Many years have elapsed and now I have been living since the last two and half decades in Delhi and lately NOIDA. Over the years I have fought myself out amidst the cityscape’s demand of a desired status; marked by tangible assortations of wealth exemplified through owning a house, a car, fancy holidays and so on. I think I have now managed to convince my teenage son that such items of display are only momentary. Living in a rented apartment, an old smartphone, use of the metro until COVID took our travels away, availing of government LTC were obviously not conforming markers of a cosmopolitan status but to my son I say it’s alright. We must learn to live within our means and needs. I remember my father here who would tell us, “before you purchase, ask yourself do you really need it?”. Well, we live in a post-modern world now, and despite being hit by COVID we are unable to release the shackles of what connotes status, power. Simple gestures, friendliness and above all neighbourliness was always something that I yearned for. My moving to NOIDA from Delhi was both a personal as well as logistic requirement. It was not difficult to convince my house owner that we would be residing for the next six years until my son completes his high school. I took the liberty to facelift the house, have a separate entrance to the terrace after much objection from our neighbour. When we shifted I had politely introduced myself and my family members to my neighbour, only to their disgust. I did not augur this. Gradually I settled with life here in this apartment; a spacious one indeed with a terrace that allowed me to pursue my interest in gardening. Intermittent exchanges with my neighbours (women folk) from the terrace grew particularly during the period of the lockdown however measured or calculated it was perhaps. It took them few months or perhaps a year to accept a family like ours, who did not of course conform to the social milieu of North India until they saw us “celebrate” Deepawali. 
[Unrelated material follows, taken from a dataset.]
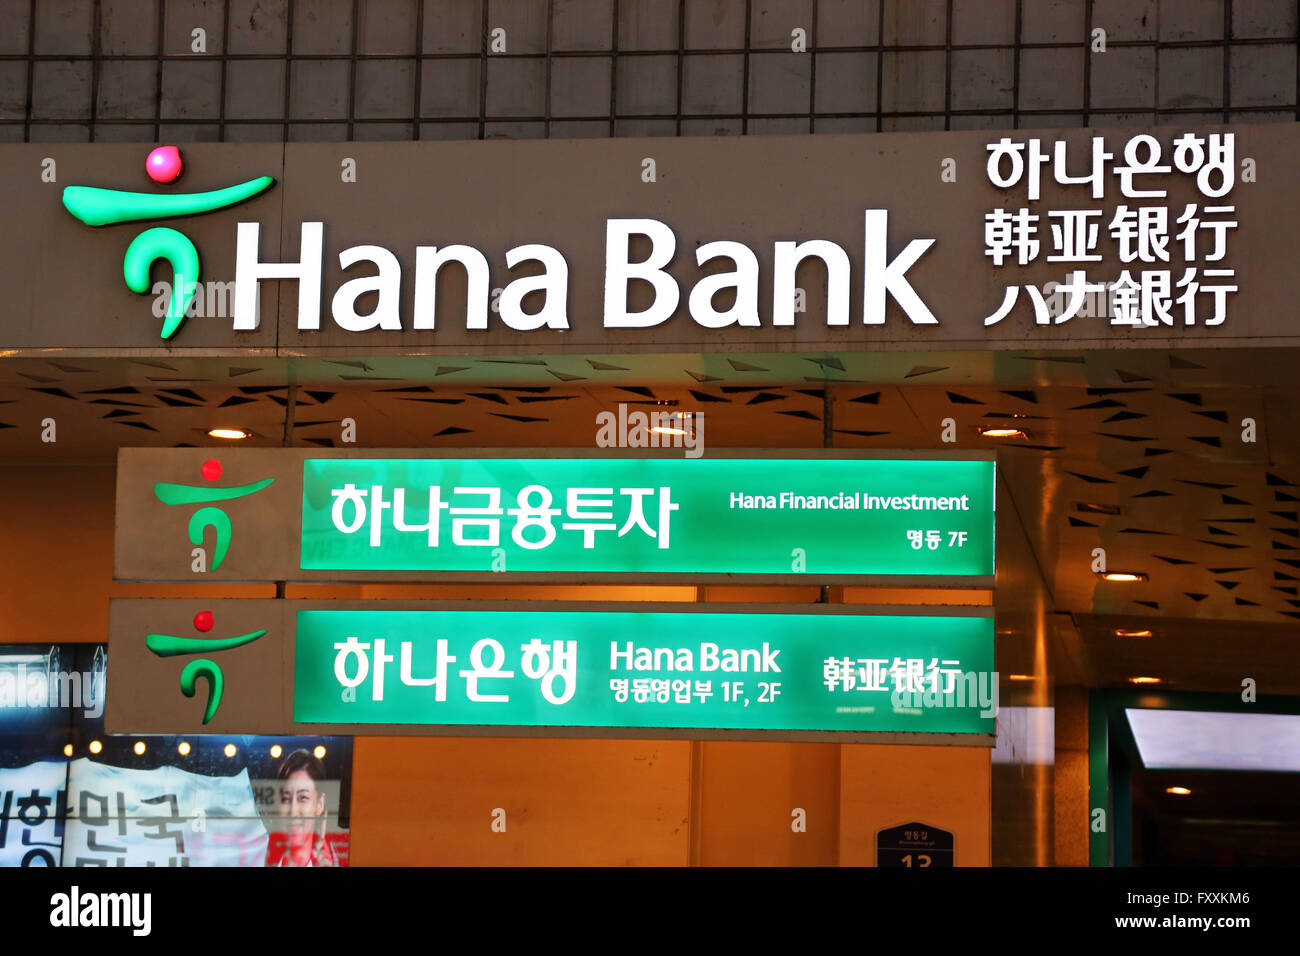 Hana Bank sign in Seoul, Korea Stock Photo Alamy

COVID then caught all of us one day in the month of October 2020. It dragged my period of illness to almost 6 weeks. Diwali was the day after we tested negative. Not that we were on any account planning to “celebrate” but it was more to do with my emotional familial attachment towards it. My natal family was away then and with illness had made it all the more morose. It was beyond my imagination that we would be so scornfully detested by our immediate neighbour. I greeted and attempted to talk normally as one always does during the festival of Diwali only to be ignored. I was too tired to think that day. I just sat on the stairs and placed the diyas. Stigma was something that I had read in texts but experiencing something so explicit, it took some time to heal. It was almost as if the entrance to our flat was like a garbage dump. Domestic helps too were perhaps told to keep away. I cannot imagine the scorn that individuals and families must have faced during the onset of the pandemic when houses were ‘labelled’. My cook, when she resumed work in a light – hearted manner mentioned that her friends were asking, “was she not scared to work in our house”? My other help informed me that the neighbour’s maid has stopped talking with her and they would keep a distance from her if they happened to meet around the staircase. Such was the scorn! Not even the festival of colour helped me to heal the pain I felt during Diwali. Both these festivals have meaning for me at least within the idea of a neighbourhood. The previous year we had celebrated and there was exchange of ‘gifts’ between neighbours. Last year there was none. The response as we recuperated from COVID was more painful than the suffering itself. I wonder how things would have been had the pandemic struck in the mid 70’s. Would people in a para whole-heartedly extend support or would they be as callous as we experienced here and stigma been more acute? I wonder. COVID is increasing at an alarming rate in the society where we live, and my workplace; frightening our wits thinking about its tenacity and anxious as never before about the second dose of vaccination. Has hell broken lose? 

Rinju Rasaily teaches Sociology at Ambedkar University, Delhi.